Ai teve  a história do baile. A desgraçada da Cinderela roubou todo o nosso dinheiro para comprar um vestido exclusivo e até minhas jóias entraram na dança! Minhas filhas, coitadas, foram pro baile com vestidos de segunda mão. Mas, o pior, foi o sapato. Eu tinha comprado pra mais bonita das gêmeas, um sapato lindo. Todo trabalhado em pedrarias. Lindo, lindo... Minha pequena tinha encantado o príncipe que dançara com ela a noite toda, mas Cinderela, com ciúmes, na hora de irem embora, empurrou a menina das escadarias e ela além de perder o sapato, ainda torceu o pé. Ficou uma coisa horrível, roxo e inchado. Cinderela aproveitou a confusão para roubar o sapato, mas como os guardas já estavam chegando, só conseguiu pegar um pé.

O resto você já conhece, o príncipe foi de casa em casa, com um pé do sapato, atrás da mulher que dançara no baile. Chegando lá, claro que minha filha, com o pé roxo e inchado da torção, não poderia calçar o sapato, daí a maldita, apareceu com o outro pé, e pronto. Se casou com o príncipe e ainda expulsou eu e minhas filhas do reino...

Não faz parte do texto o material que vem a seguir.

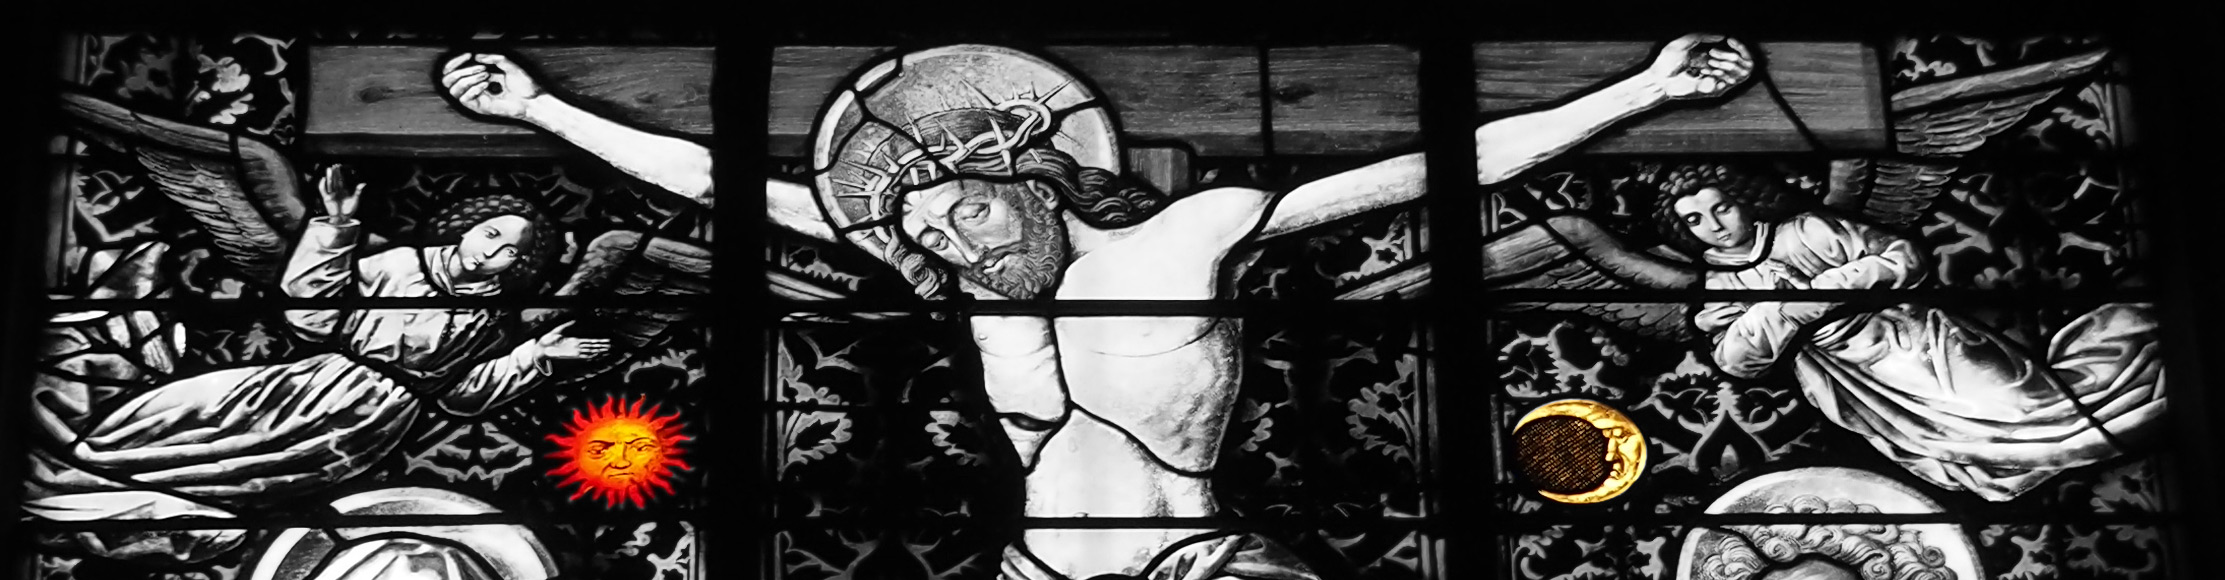 Détails - vitrail de la crucifixion - église Saints-Pierre-et-Paul - Obernai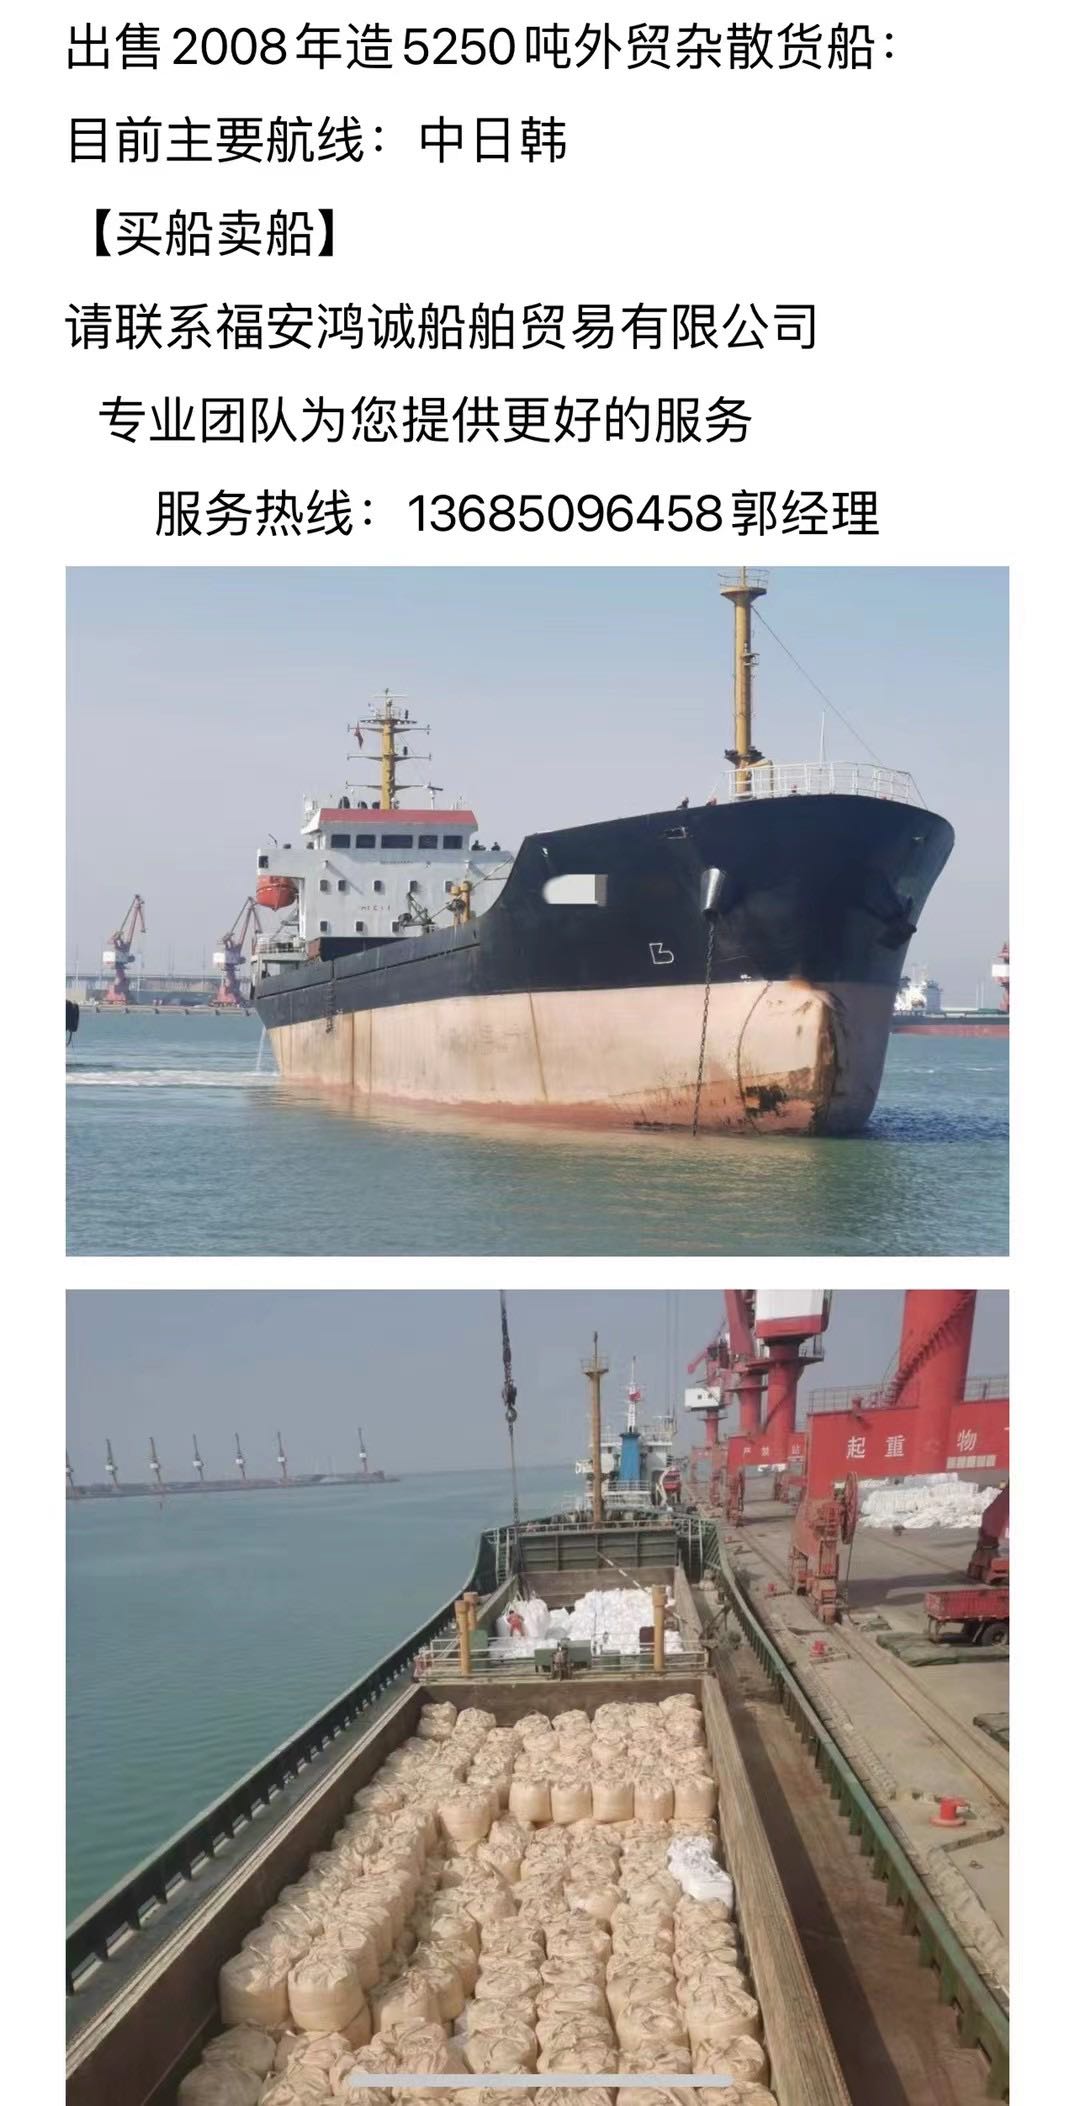 出售：08年〈三艘〉在航外贸杂散货船

Imagina minha situação, pobre, sem casa e com duas adolescentes a tiracolo. Uma das gêmeas mandei pra casa da vó, depois descobri que teve um incidente com um lobo no caminho e acabou se casando com um lenhador, menos mal. 

A outra foi a tal dos cabelos compridos, que te contei no inicio. Rapunzel. Humpf! Hoje ela está se casando com o tal que a “resgatou” da torre! Esqueceu completamente da mãe, a ingrata... 

- Tá, eu sei que está na hora de fechar, mas libera mais uma dose, vai! Eu pago.  Hoje fiz uma descoberta ótima, achei um castelo abandonado, parece que uma bruxa almadiçoou a menina e ela furou o dedo numa roca e ta todo mundo adormecido por lá...  Digamos que peguei algumas coisas emprestadas por lá, não muita coisa, fique claro, por que ladra eu não sou! Um anel daqui, um cordão dali, afinal de contas, um dia tem que ser o dia da madrasta.